■ **Assignment**: Exclude the pictures. Transcribe exactly, and only, the lines from the one holding "heidegger_le_commencement_de_la_philosophie_occidentale.jpg" to the end of the material below.

■ **Information supplied**:
:::::

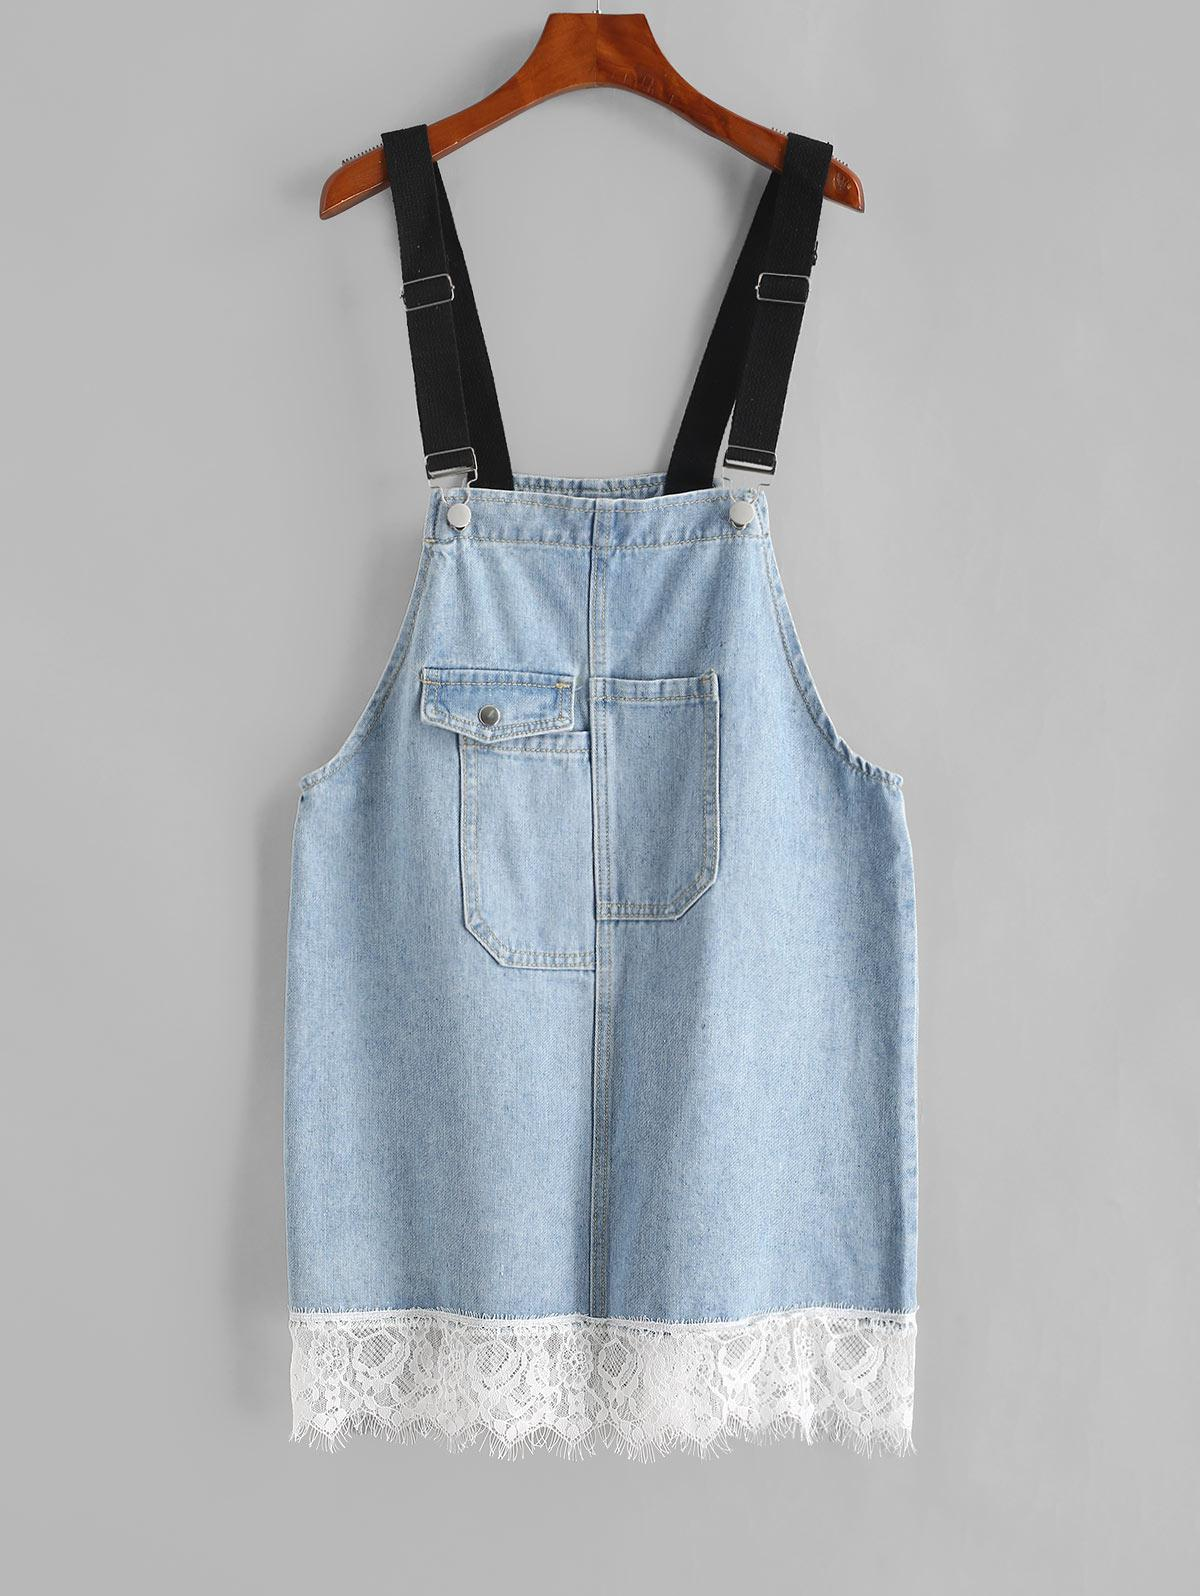 Flap Pocket Lace Trim Overall Jean Dress
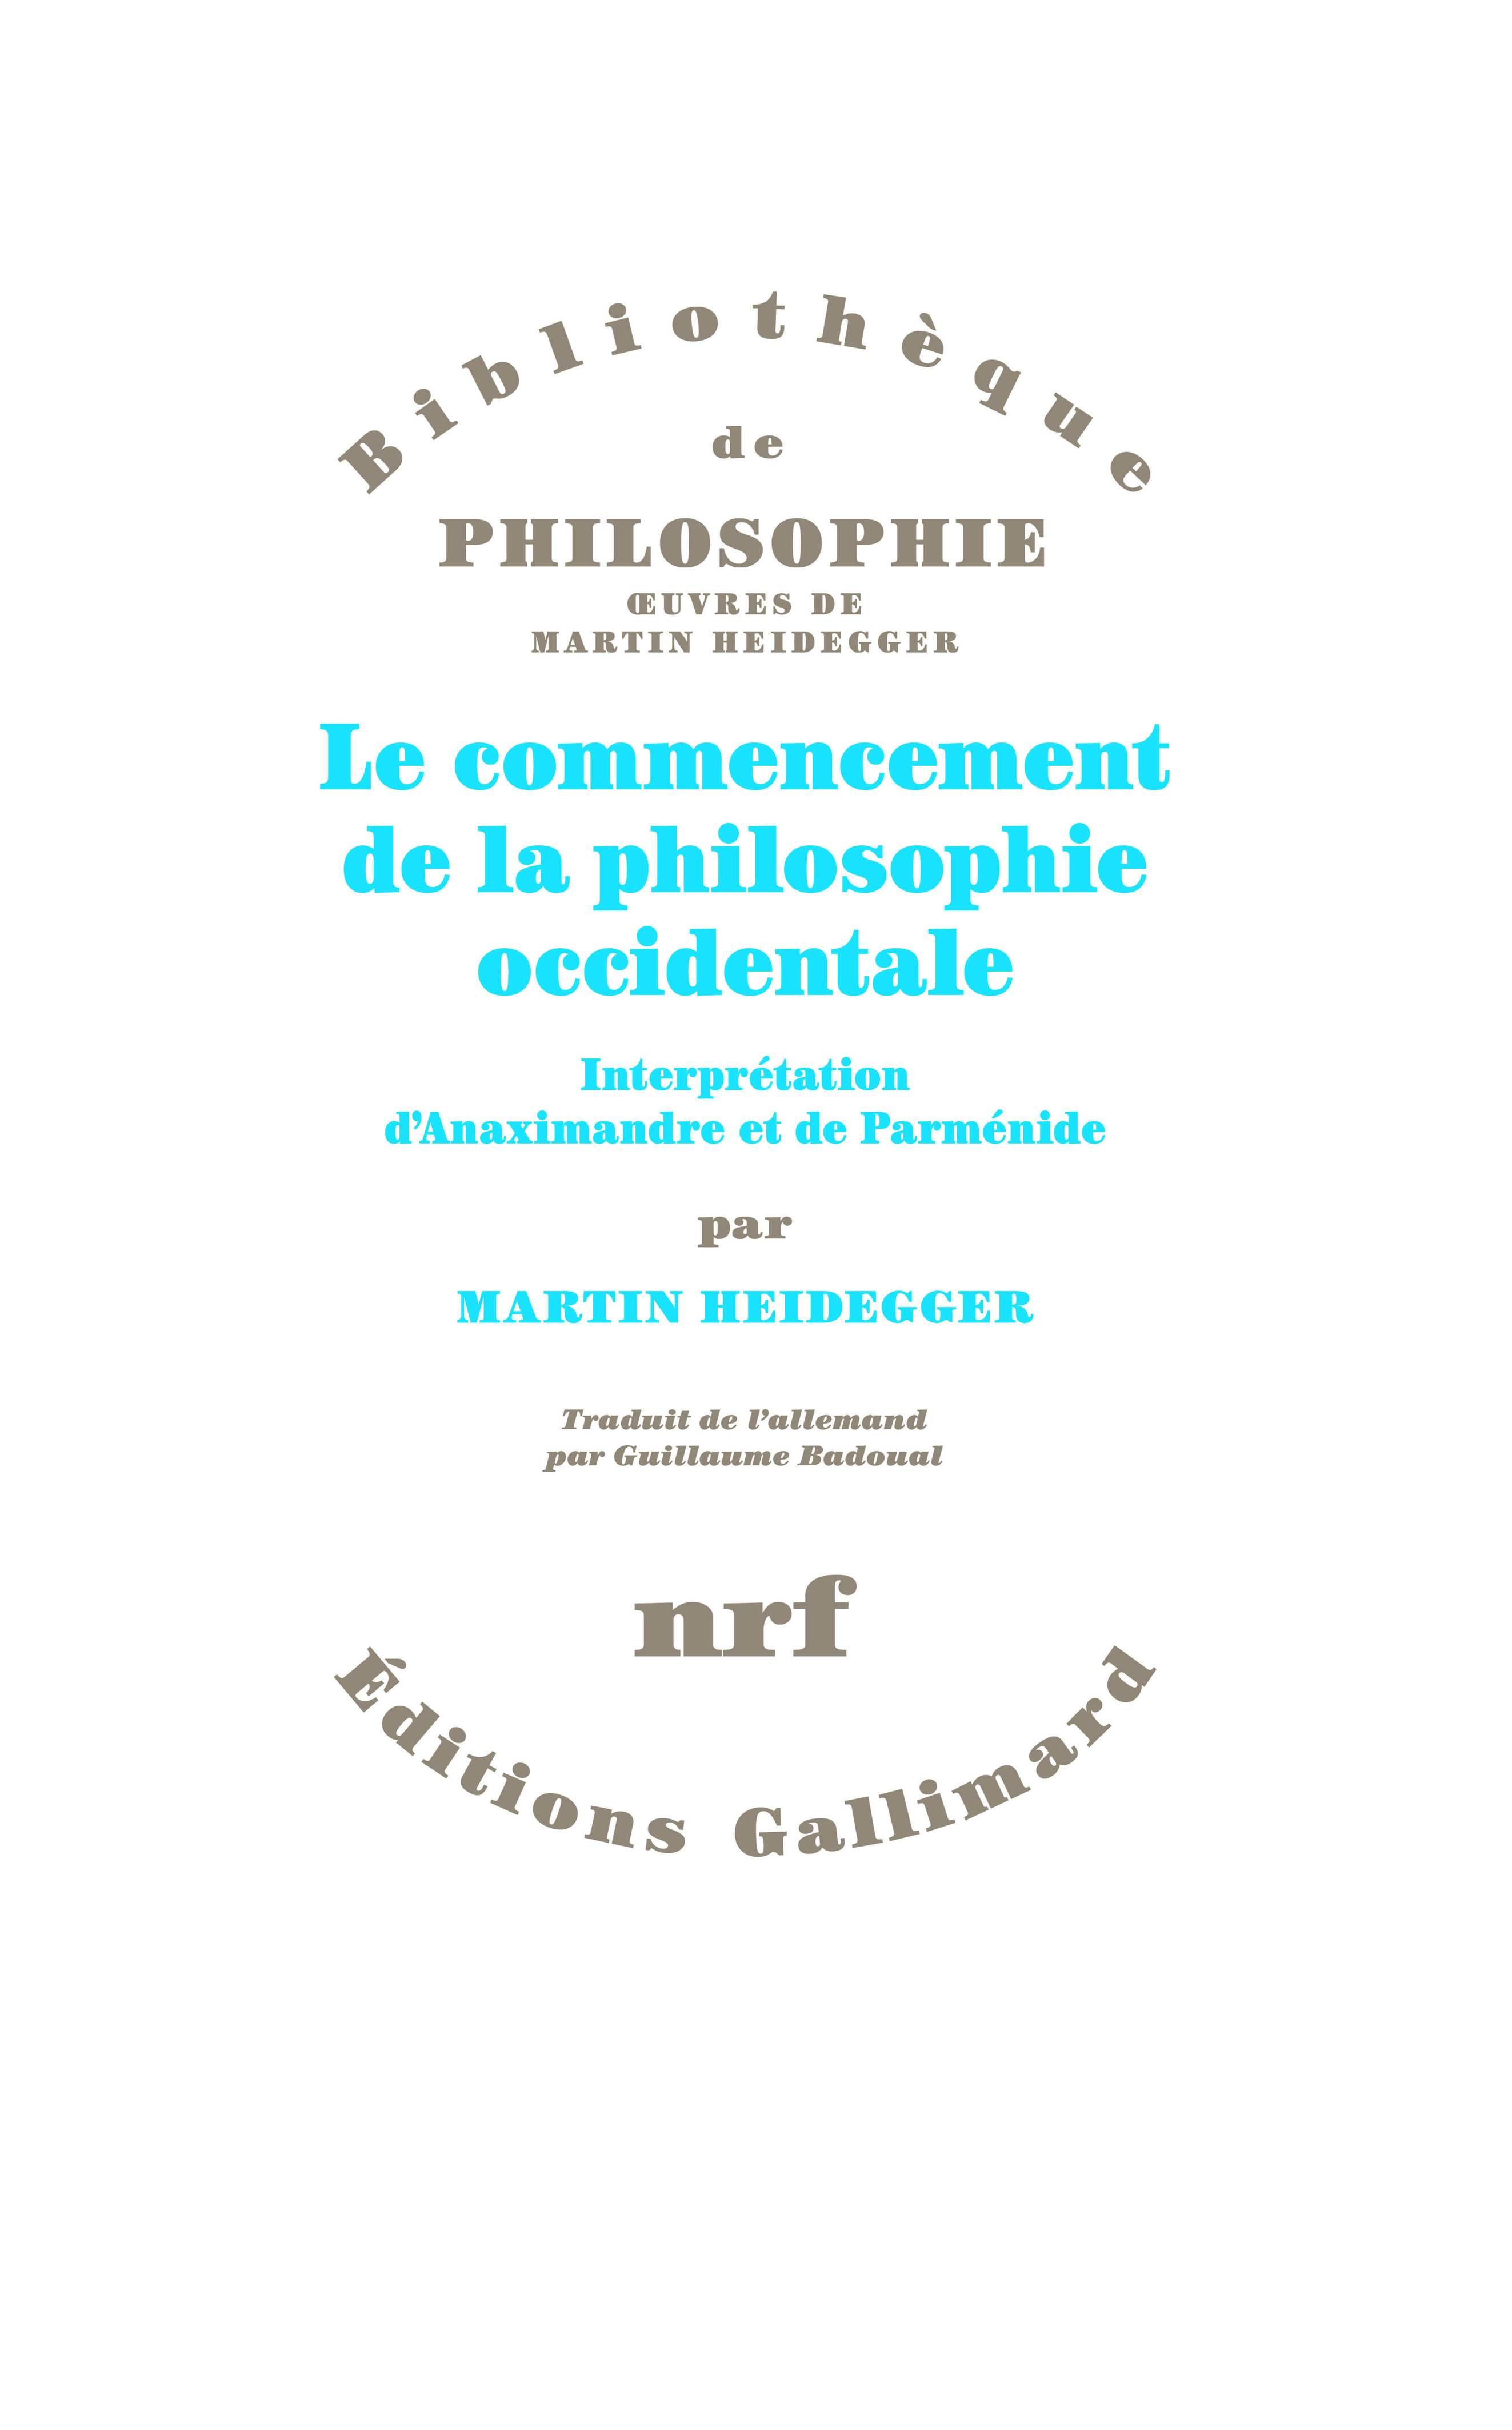 heidegger_le_commencement_de_la_philosophie_occidentale.jpg
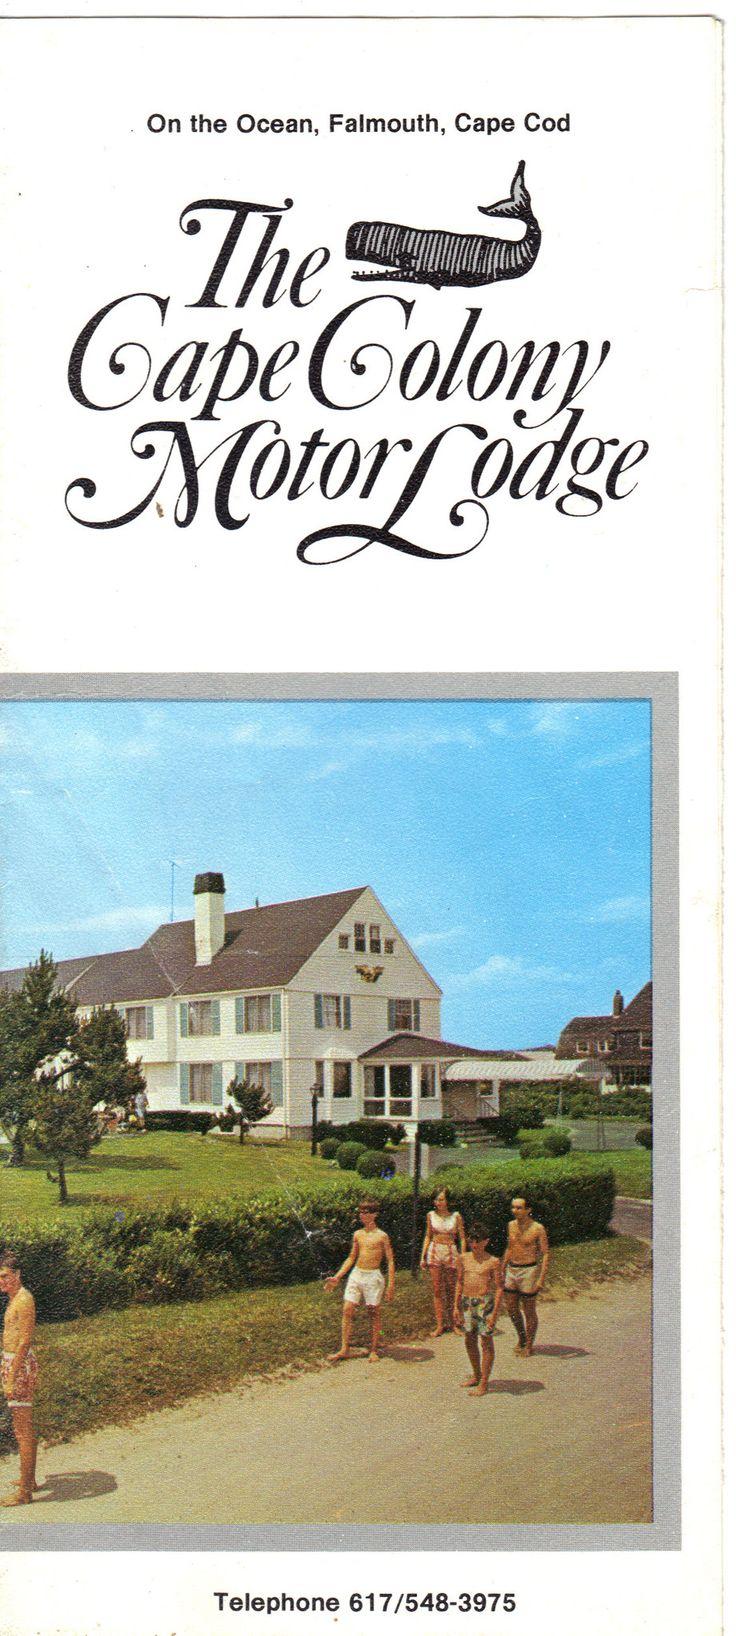 The Cape Colony Motor Lodge Brochure
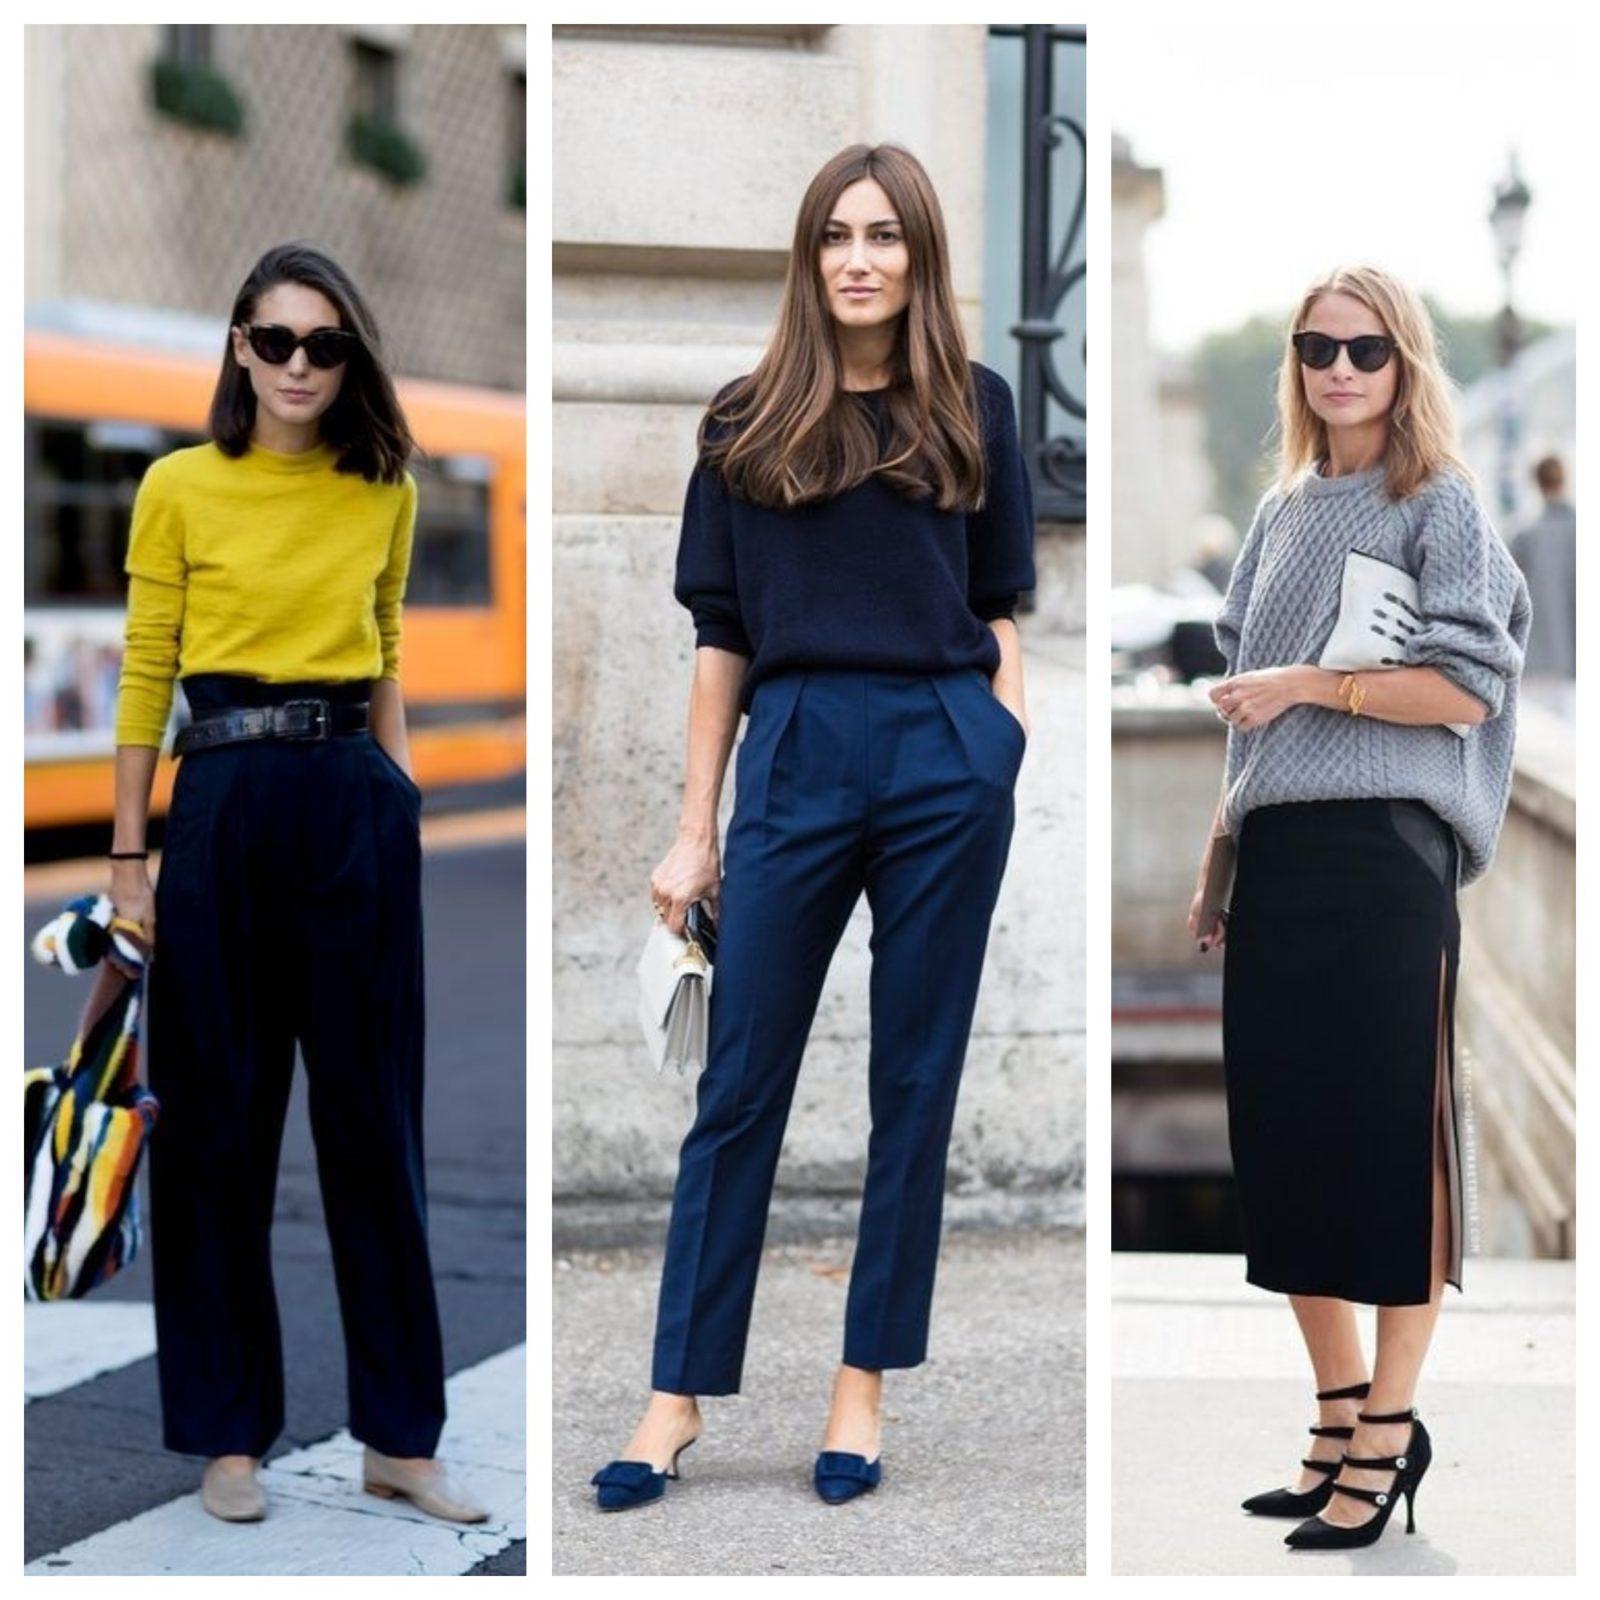 Spring/ Summer 2018 Fashion Trends 74

:::::

■ **Finished exercise**:
 heidegger_le_commencement_de_la_philosophie_occidentale.jpg
 The Cape Colony Motor Lodge Brochure
 Spring/ Summer 2018 Fashion Trends 74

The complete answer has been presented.